SE530270C2 - Tool with a drive member arranged between a fluid bearing and the tooled end - Google Patents

Description

5 35 2730 2 rurbinnjuiei s ams of a room, preferably run, which lnmaias at the arrow 10. which lli fl is brought to supersonic speed on edge set by means of a venturity type nozzle. Alternatively, the turbine wheel 6 may be provided with a cover 29, see Figure 9, to reduce effeRtbGhOVB1- Fluid, liquid or gas (for example water or air), for fluid storage of the tool shaft 1 is initiated in an inlet 11, indicated by an arrow 12, and is distributed in the radial bearing 3 partly towards the axial bearing 8, and partly towards the inner end of the shaft located in the housing. The initiated bearing wool is diverted via outlet channels 13 and 14. In order to secure the VefklYlJelS fi xlella P ° slll ° ll l the housing with the axial bearing 8 cooperating with the face surface 9, alternatively when the shaft according to fi g 28 rests against the ball 30, an anti-axial bearing bearing is provided. exposed to unclear pressure, ie. is forced out with a lower pressure via the outlet chuck ß 13 And 14- The storage fluid that reaches the thrust bearing 8, 9 is prevented from leaking into the turbine wheel end due to a prevailing pressure prevailing in the space around the thrust bearing.

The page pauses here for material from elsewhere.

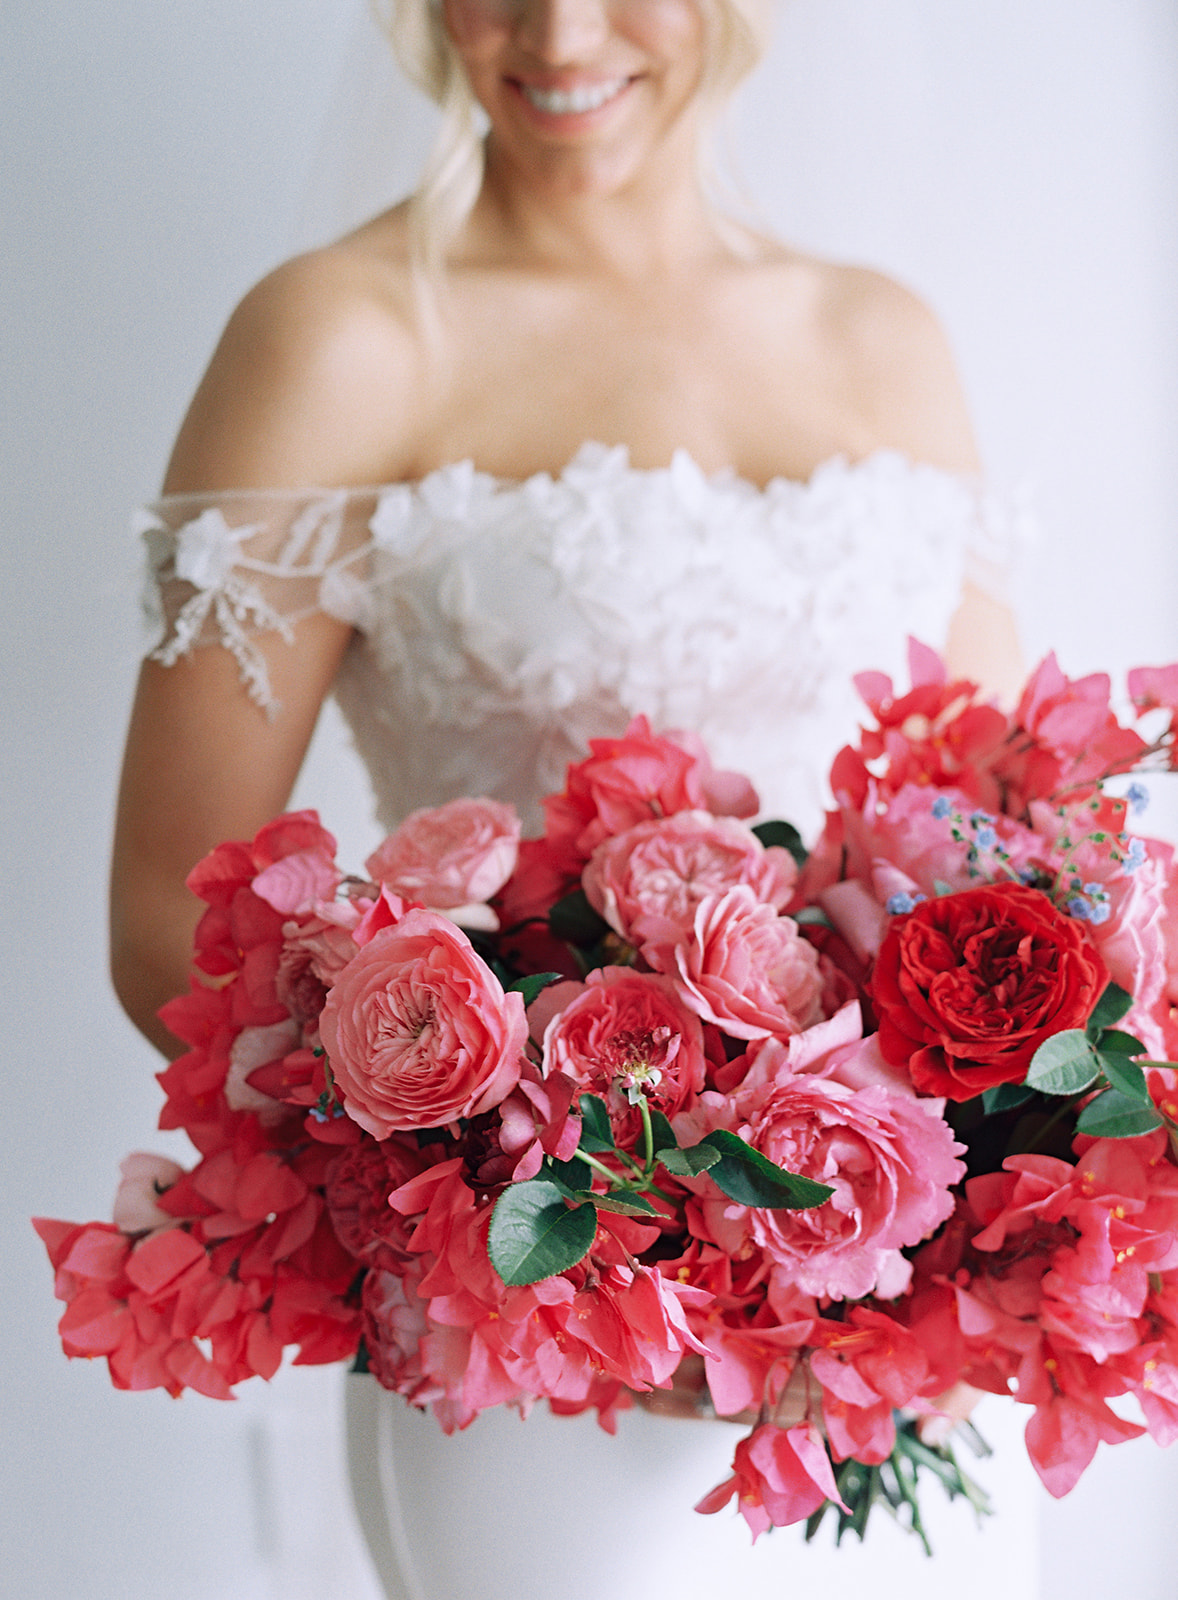 CLOSE UP OF BRIDE HOLDING PINK BRIDAL BOUQUET

To increase the mass inertia of the tool, the axial bearing 8 is designed with a 'swing cap 8' to store rotational energy and thereby increase the machining efficiency of the tool.

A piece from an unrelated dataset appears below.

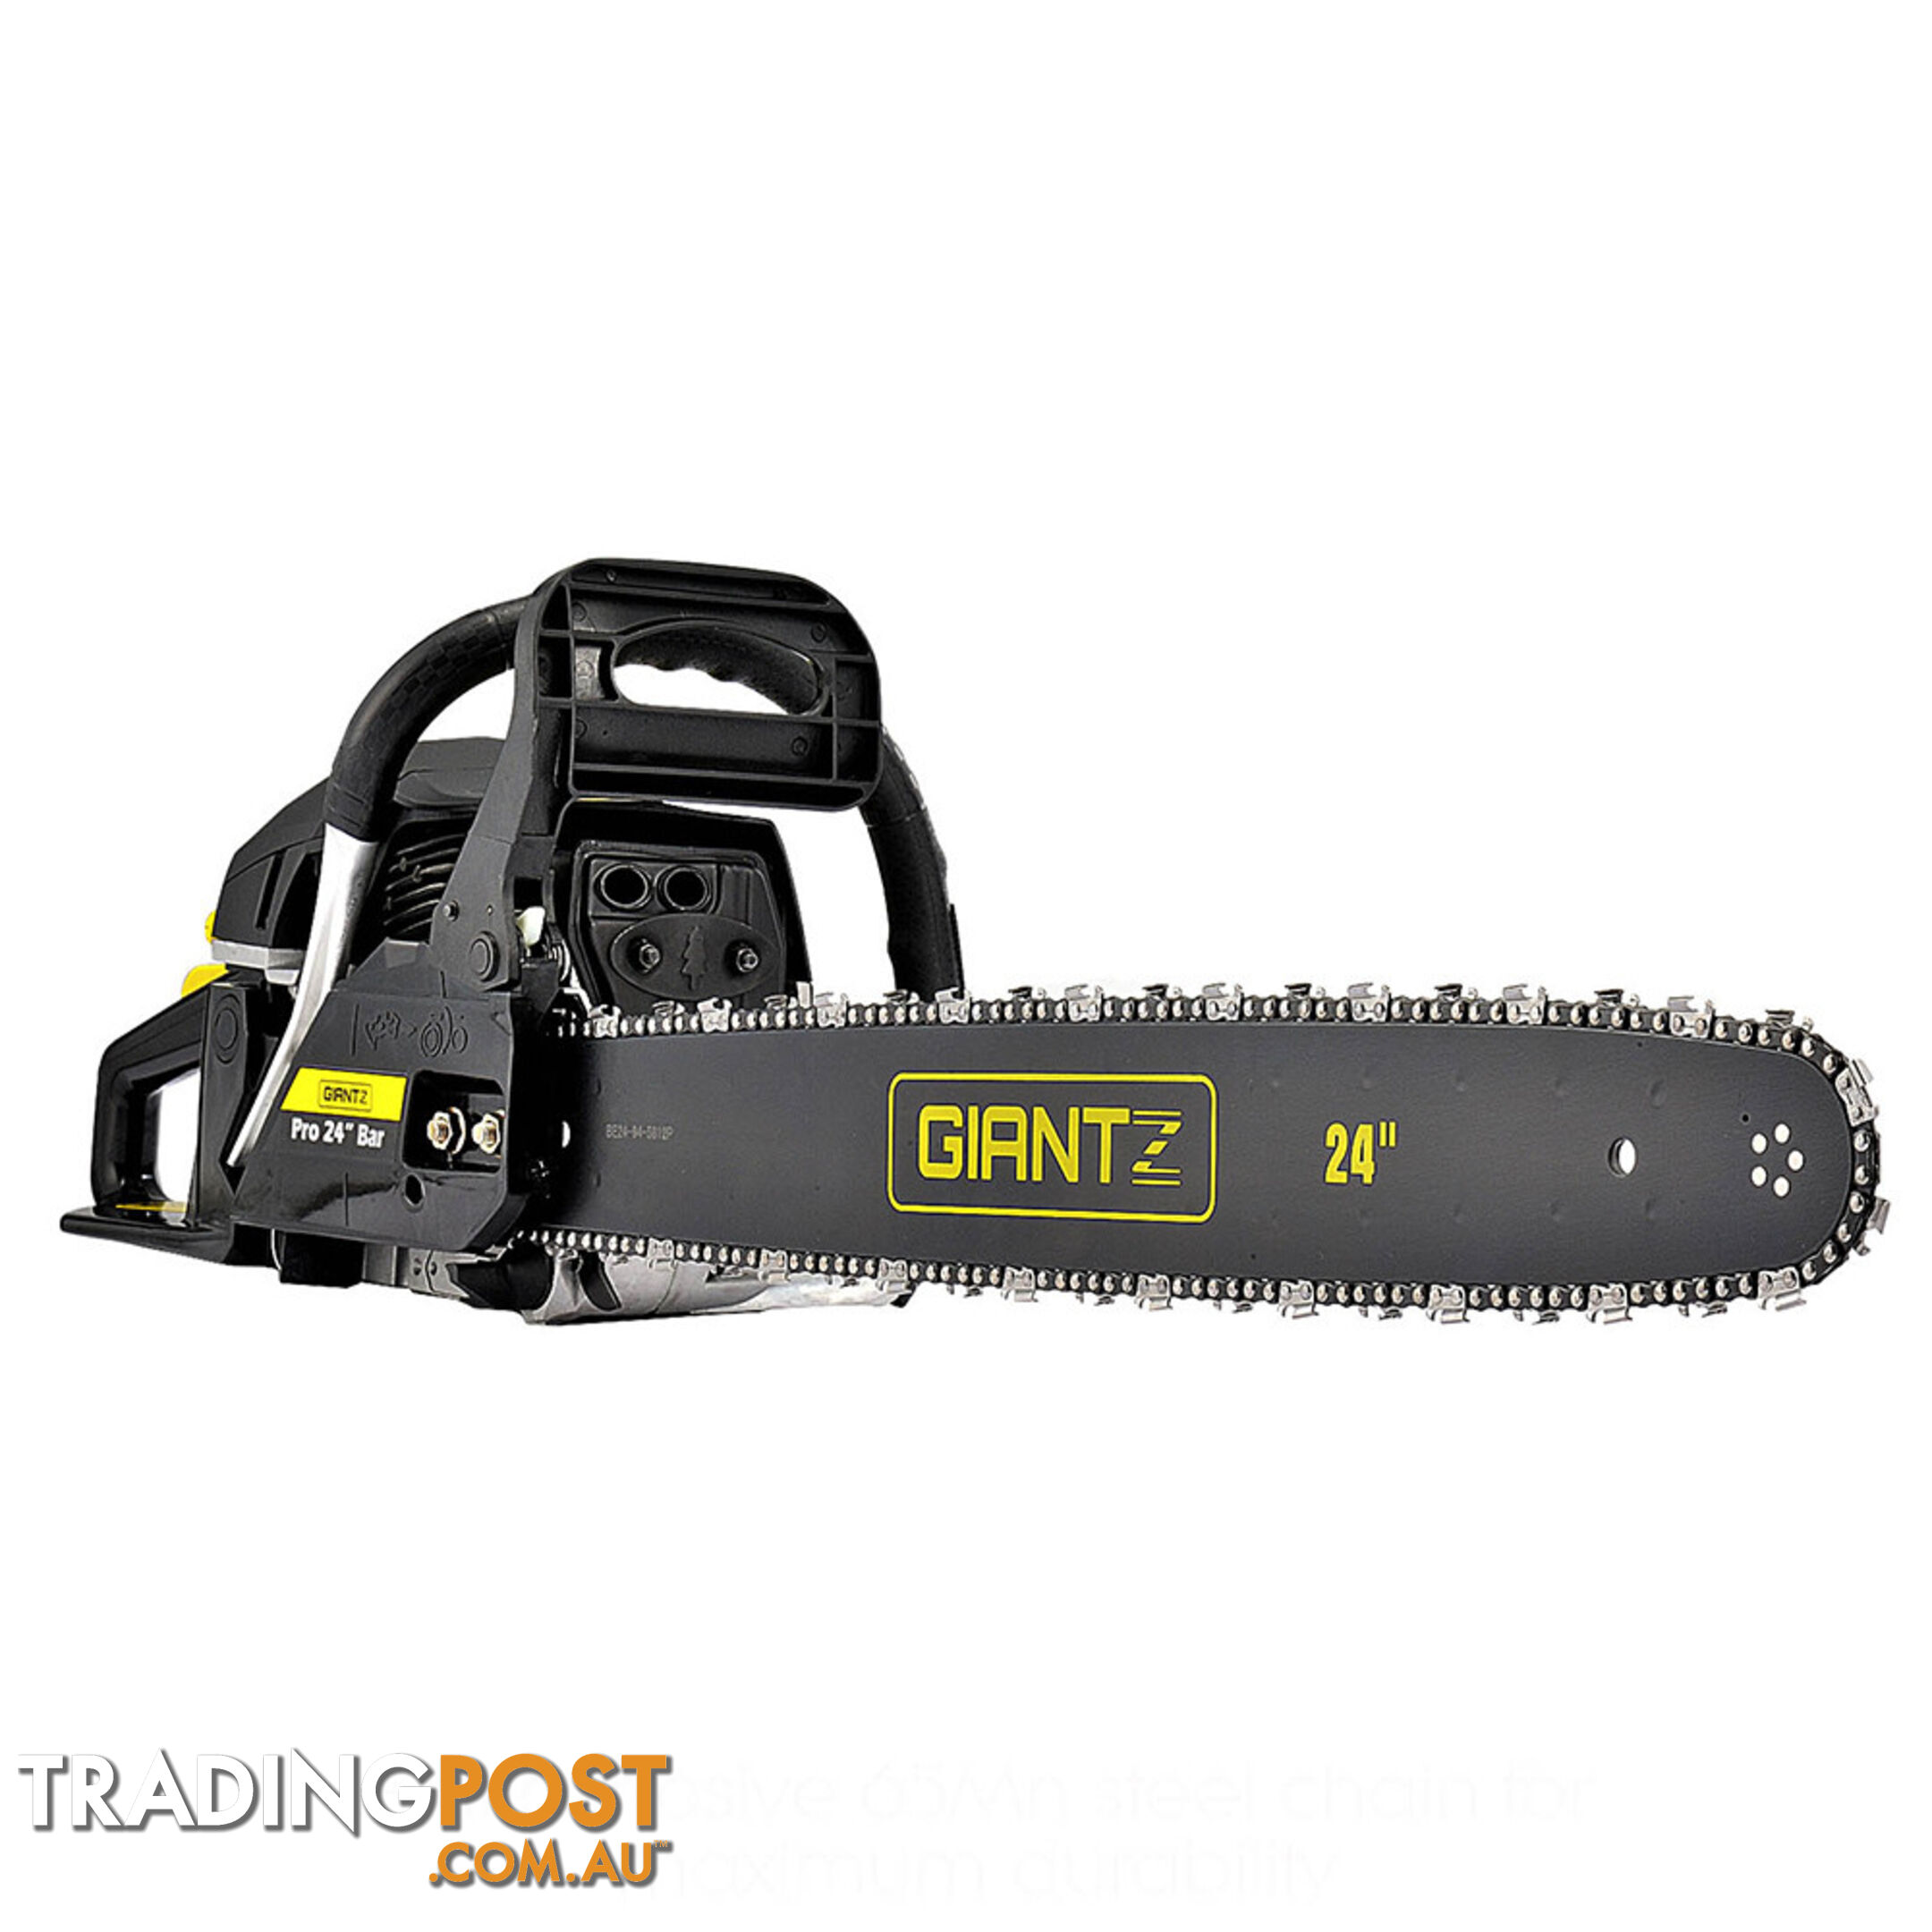 Giantz 66CC Petrol Chainsaw w/ Carry Bag and Safety Set

In machining operations, the housing 5 with the tool contained therein in the position shown in Figure 1 can be moved towards and away from the workpiece. It is also the case that instead only the tool is displaced in the axial bore 4. This can be done in this way Car. see figure 1, a water column 15 is formed between the spirit of the shaft 1 in the housing 5 and a piston 16 displaceable along the bore 4. is formed by the storage fluid flowing from the inlet 11 and to the outlet 14, always fully formed, this by the piston 16 in the initial position keeping the outlet line 14 open. If the tool is to be displaced axially outwards, the piston 16 is quickly pushed in a desired distance. which means that the shaft 1 od: thus the tool is displaced said distance. If the piston 16 is pulled back to the initial position, the tool naturally accompanies (sucks). It is to be understood that these for the sake of the tool back and forth in the housing 1 take place in a very short time, so that the water-displaced tool "is not affected to any appreciable degree by the storage fluid. In case 1, 2B, 2B, the shaft 1 rests only against the axial bearing, the ball 30, which acts against the shaft. In the end surface, the ball constitutes the only axial bearing (not shown) and the axial movement of the tool takes place by the part 18 ', on which the ball is applied, being moved axially. combined with the axial bearing 30 (ball), the shaft 1 will rest on the axial outer bearing 8 in the inserted breath and the bearing 30 can be relieved. ion. 10 15 20 25 35 530 270 3 By means of an external turbine wheel e with a certain axial extent, the driving fluid (air) can partly continue to drive the turbine wheel 6 even when the tool is closed outwards in the housing 5.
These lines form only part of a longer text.